Nothing could please the author more.

“I don’t want my audiences comfortable and complacent,” Shawn, 44, said by phone last weekend 27)from his New York City flat. “I want them to listen, to think, to challenge (what the characters are saying). I want them to get angry.”

Finding an “audience core” for his plays is “an uphill struggle,” admits Shawn, who earned liberal arts degrees at Harvard and Oxford, taught as a Fulbright fellow in India and who considered a foreign-service career before turning to playwriting at age 24. His father, William Shawn, is the legendary former editor of the New Yorker.

“OK, usually 90% of the people at my plays have made a mistake in coming,” Shawn added. “They don’t have the faintest idea of what’s going on.”

Shawn’s works, as they say, are not for the squeamish. They are laced with cocktail chitchat and voyeuristic images that soar--or sink--to psychologically lethal, dramatically kinky levels. And why not, argues Shawn, who agrees that he writes about “very, very sick people.”

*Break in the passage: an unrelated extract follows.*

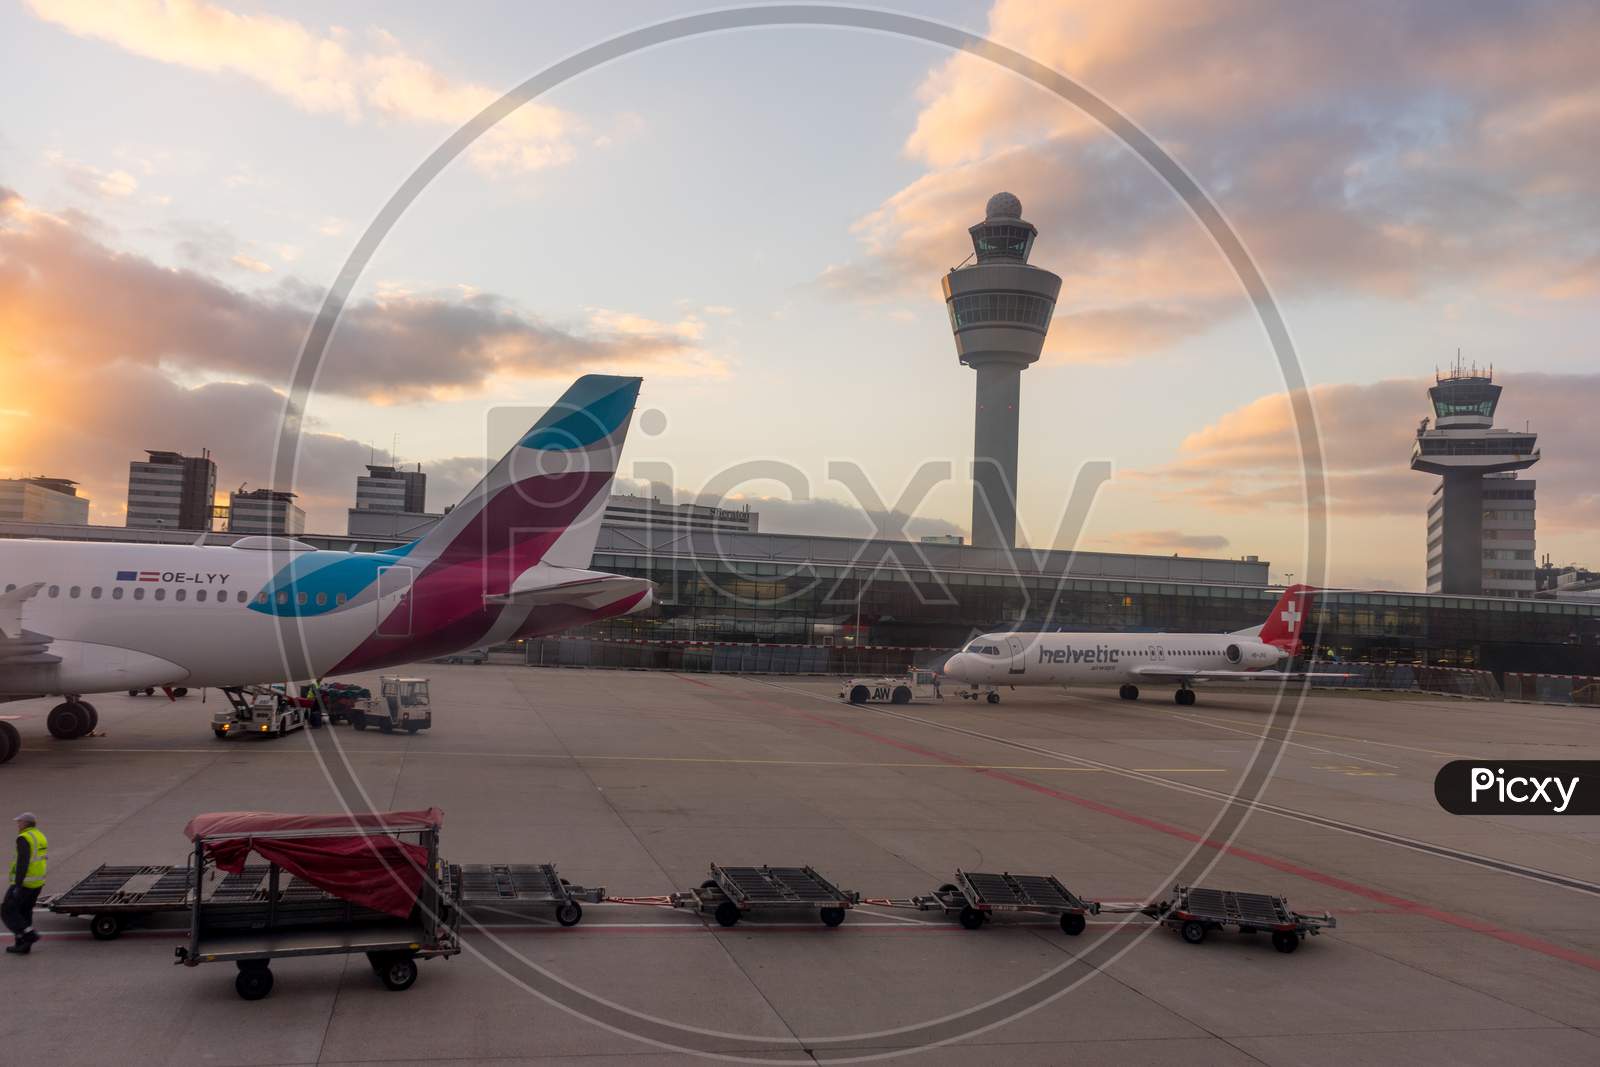 Amsterdam, Schiphol - 22 June 2018: Eurowings And Helvetic Airline Plane At The Schiphol Airport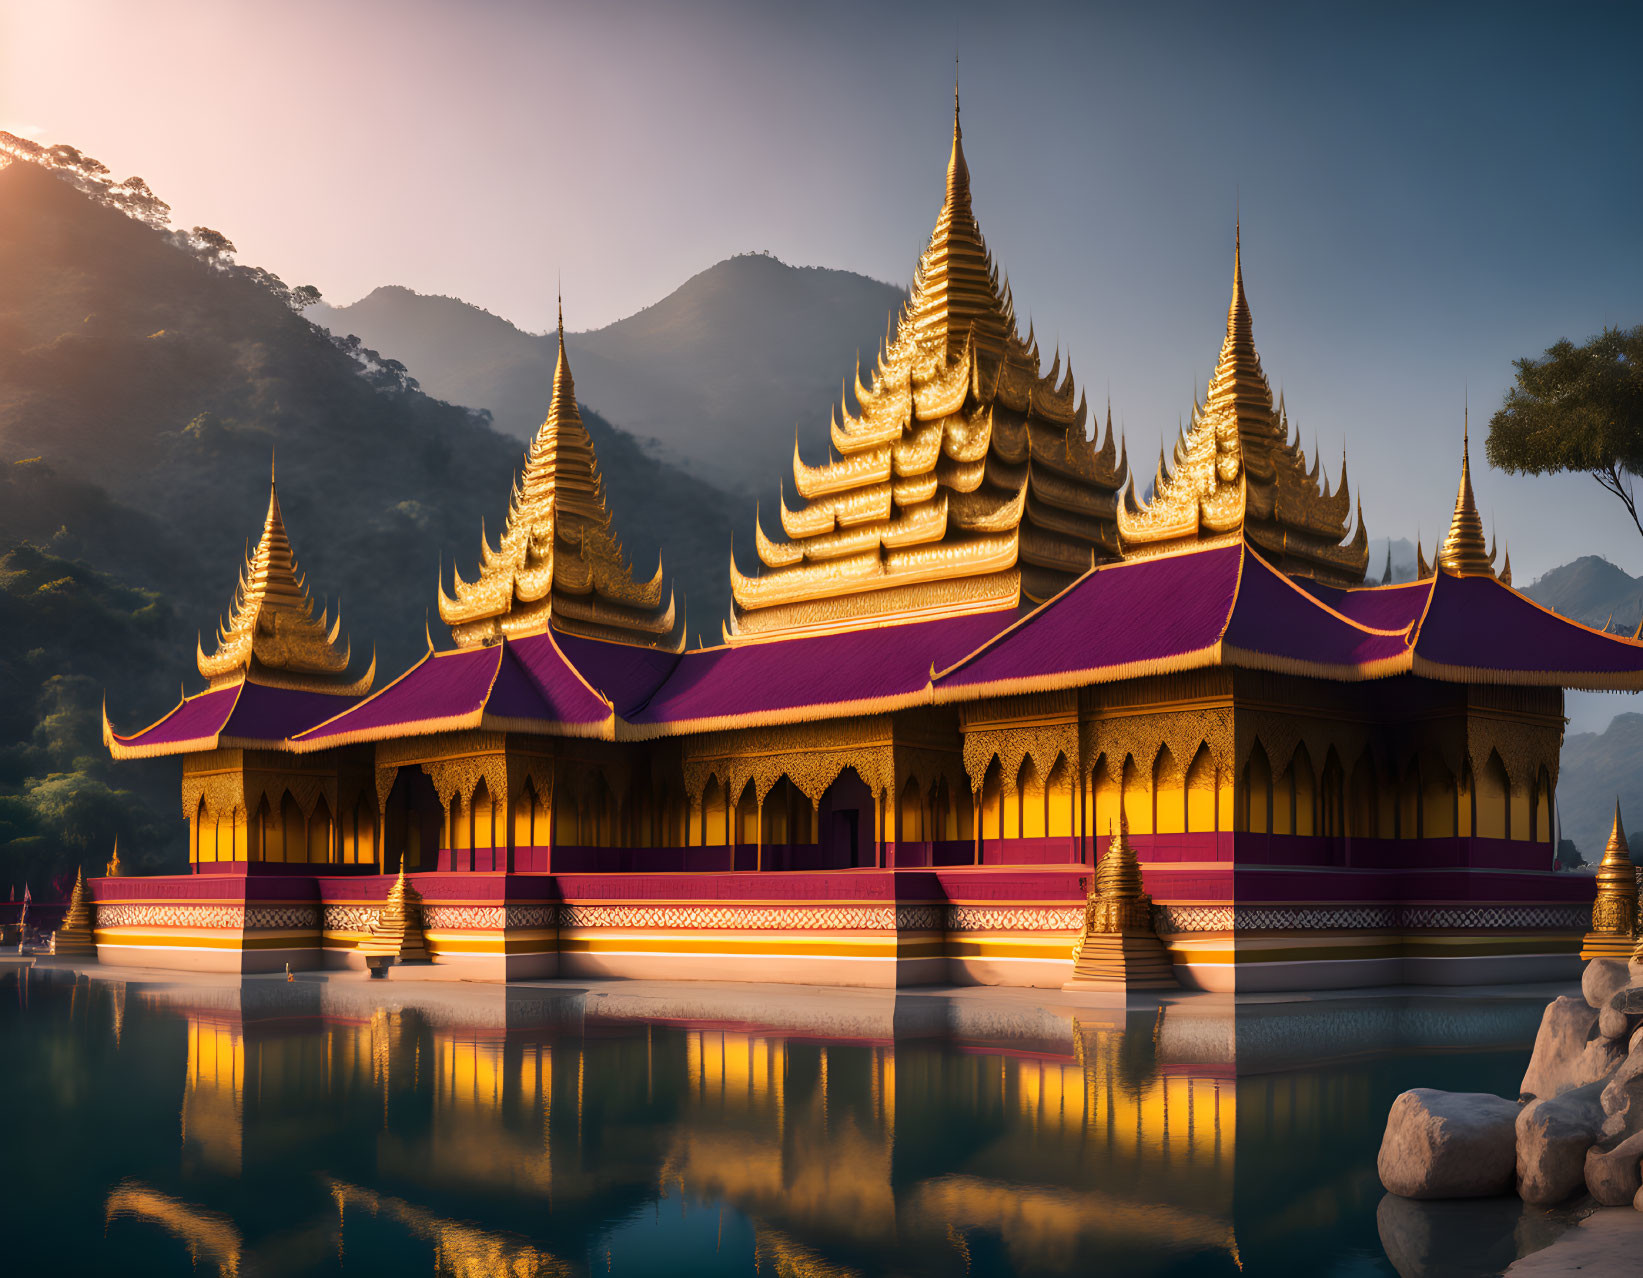 Golden Buddhist temple with spires reflected in water and mountains in warm sunset light

“A Thought in Three Parts” (1977), for example, depicts an orgasmic wonderland, from simulated group sex to sadomasochistic fantasies. And “Marie and Bruce” (1980) is one long, slashing verbal attack by a shrew of a wife with an incredible command of the scatological lexicon.

Not exactly the stuff of “Life With Father.”

Neither is “Aunt Dan and Lemon” (1985), Shawn’s sixth produced work and easily his most widely staged. It has been produced by London’s Royal Court, New York’s Public Theatre and, last year, by Los Angeles’ Taper, Too.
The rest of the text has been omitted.